PROJECT SUMMARY The single biggest risk factor for developing Parkinson’s disease is age, suggesting that age-related changes in the brain predispose to loss of dopamine (DA) neuron health and viability. Cell stressors such as oxidative stress and metabolic dysfunction increase with age in many species including humans, and DA neurons are particularly vulnerable to oxidative stress because of their high metabolic demands and intrinsic reactive oxygen species production. Despite a growing body of evidence linking elevated oxidative stress to aging and DA neuron degeneration, the role of oxidative stress-responsive signaling pathways in connecting this stress to enhanced DA neuron vulnerability with age are not well understood. Prior studies link activation of the HIF-1 (hypoxia-inducible factor-1) pathway to suppression of TOR (target of rapamycin) signaling and recent GWAS studies raise the possibility that the interaction of these pathways may be important in regulating lifespan, possibly in response to cellular stress signals. Key components of HIF-1/TOR signaling are also altered in human Parkinson’s disease substantia nigra DA neurons. The primary goal of this proposal is to determine whether age-related oxidative stress results in sustained upregulation of specific signaling mediators in the HIF-1/TOR signaling pathway that promote susceptibility of DA neurons to age- related death and limit organismal lifespan. Studies from multiple animal models including Drosophila indicate that TOR deregulation is a feature of nervous system aging and neurodegenerative disease. We will leverage the natural genetic variation in a collection of Drosophila genetic backgrounds that we find influences reactive oxygen species production, lifespan and DA neuron viability to achieve two primary goals: First, we will examine the effects of aging on brain expression of oxidative stress signaling mediators both in the whole brain as well as in specific vulnerable (i.e. DA) and spared neuronal populations. Second, we will determine the role of these signaling mediators on age-related DA neuron death and lifespan. These exploratory studies will pave the way for detailed characterization of how aging and age-related stress drives upstream regulators of this signaling pathway, and inform broader studies on the role of these signaling mediators in Parkinson’s disease neurodegeneration linked to additional genetic and environmental factors.

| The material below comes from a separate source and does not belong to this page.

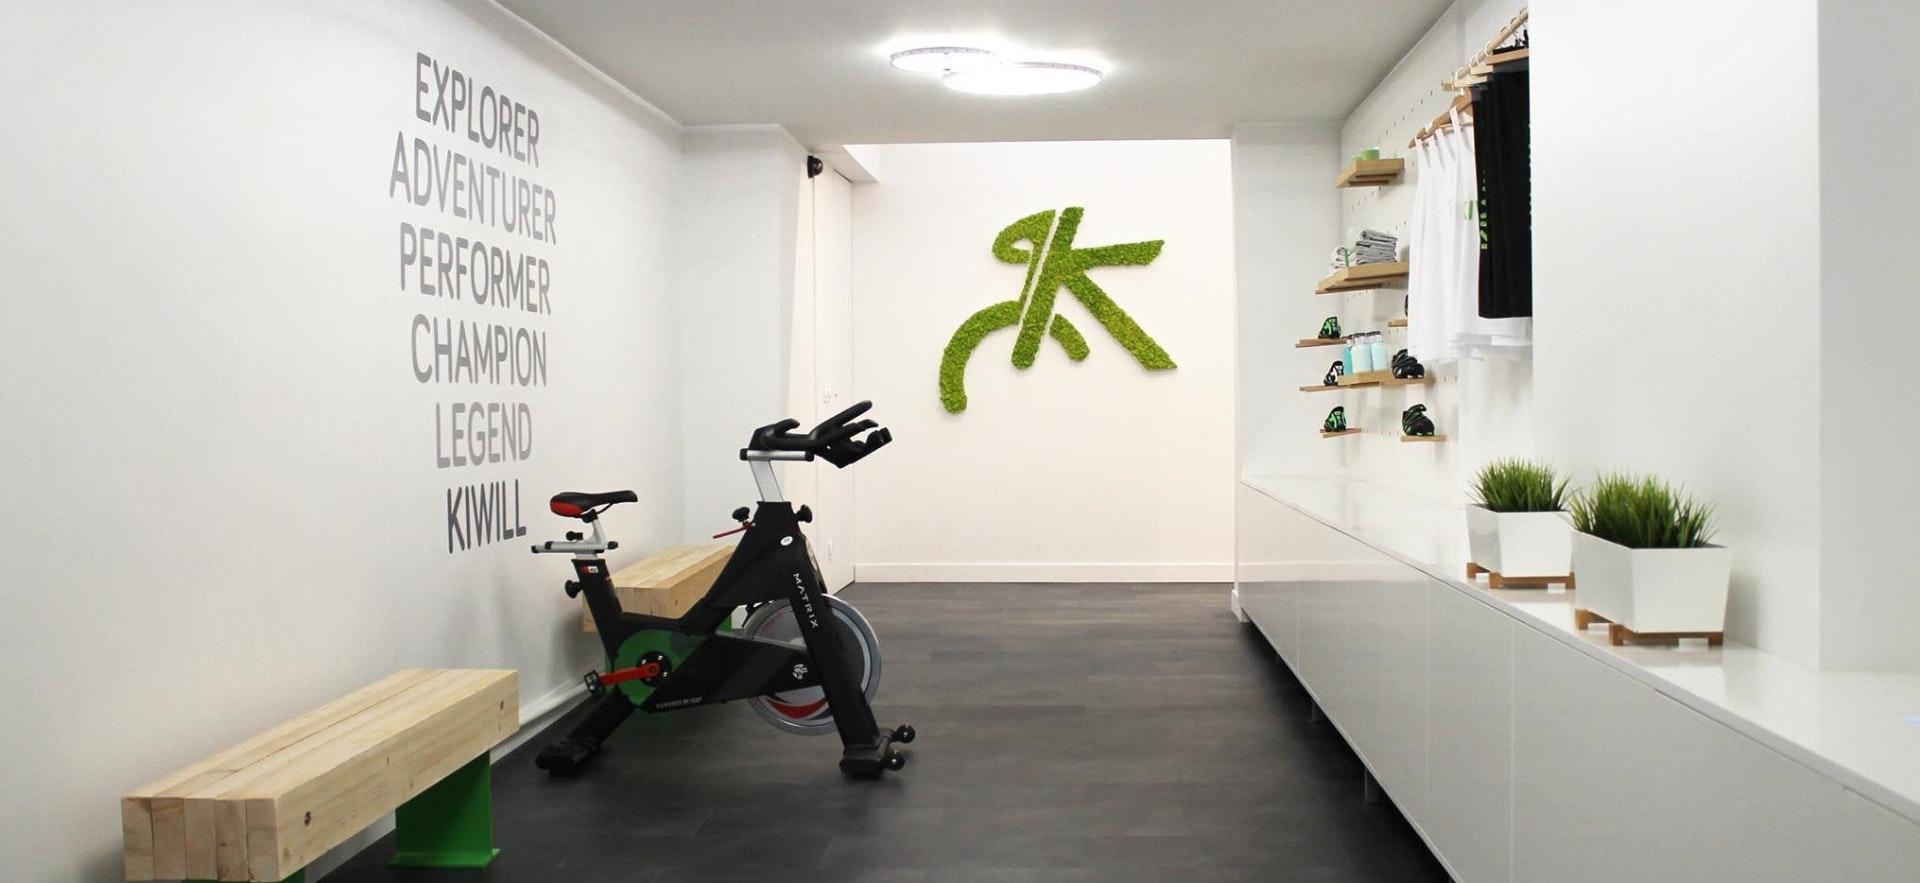 Photo 0 Les meilleurs tarifs  et activités pour le centre Kiwill Paris
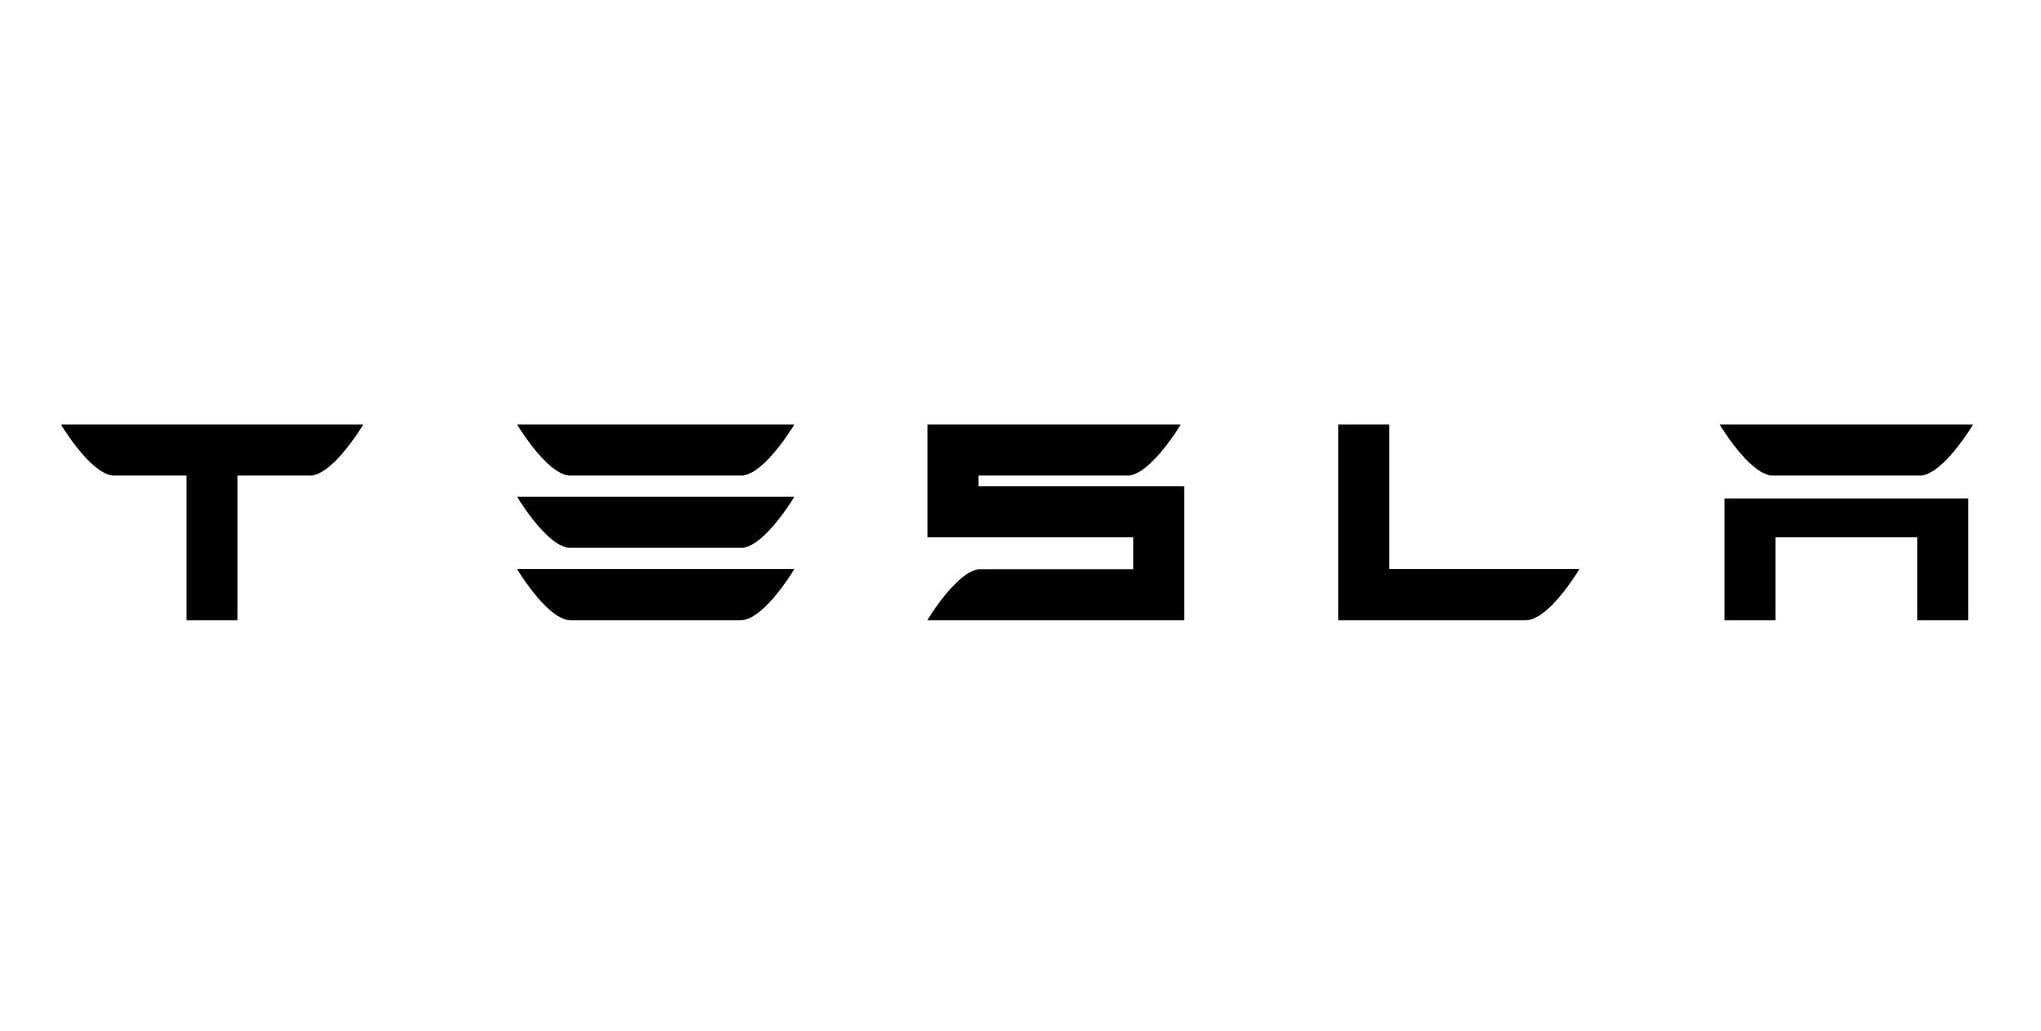 Tesla Vai Lancar Camiao Pick Up E Descapotavel

项目概要 患帕金森病的最大单一危险因素是年龄，这表明与年龄相关的 大脑的变化容易导致多巴胺 (DA) 神经元健康和活力的丧失。 在许多物种中，氧化应激和代谢功能障碍等随着年龄的增长而增加，包括 人类和 DA 神经元特别容易受到氧化应激，因为它们的高 尽管身体不断增长，但代谢需求和内在活性氧的产生。 有证据表明氧化应激升高与衰老和 DA 神经元变性有关，氧化应激的作用 压力响应信号通路将压力与增强的 DA 神经元脆弱性联系起来 之前的研究还不清楚 HIF-1（缺氧诱导因子 1）的激活与年龄的关系。 TOR（雷帕霉素靶标）信号传导抑制途径和最近的 GWAS 研究提出了 这些途径的相互作用可能对调节寿命很重要，可能在 对细胞应激信号的反应也发生了改变。 人类帕金森病黑质 DA 神经元 该提案的主要目标是 确定年龄相关的氧化应激是否导致特定信号持续上调 HIF-1/TOR 信号通路中的介质可促进 DA 神经元对衰老的敏感性 包括果蝇在内的多种动物模型的研究。 表明 TOR 失调是神经系统衰老和神经退行性疾病的一个特征。 我们将利用一系列果蝇遗传背景中的自然遗传变异， 我们发现影响活性氧产生、寿命和 DA 神经元活力以实现 两个主要目标：首先，我们将研究衰老对大脑氧化应激表达的影响 整个大脑以及特定弱势群体（即 DA）中的信号传导介质均未受影响 其次，我们将确定这些信号传导介质对年龄相关的作用。 这些探索性研究将为详细的 DA 神经元死亡和寿命铺平道路。 表征衰老和与年龄相关的压力如何驱动该信号的上游调节器 途径，并为有关这些信号传导介质在帕金森病中的作用的更广泛的研究提供信息 神经退行性疾病与其他遗传和环境因素有关。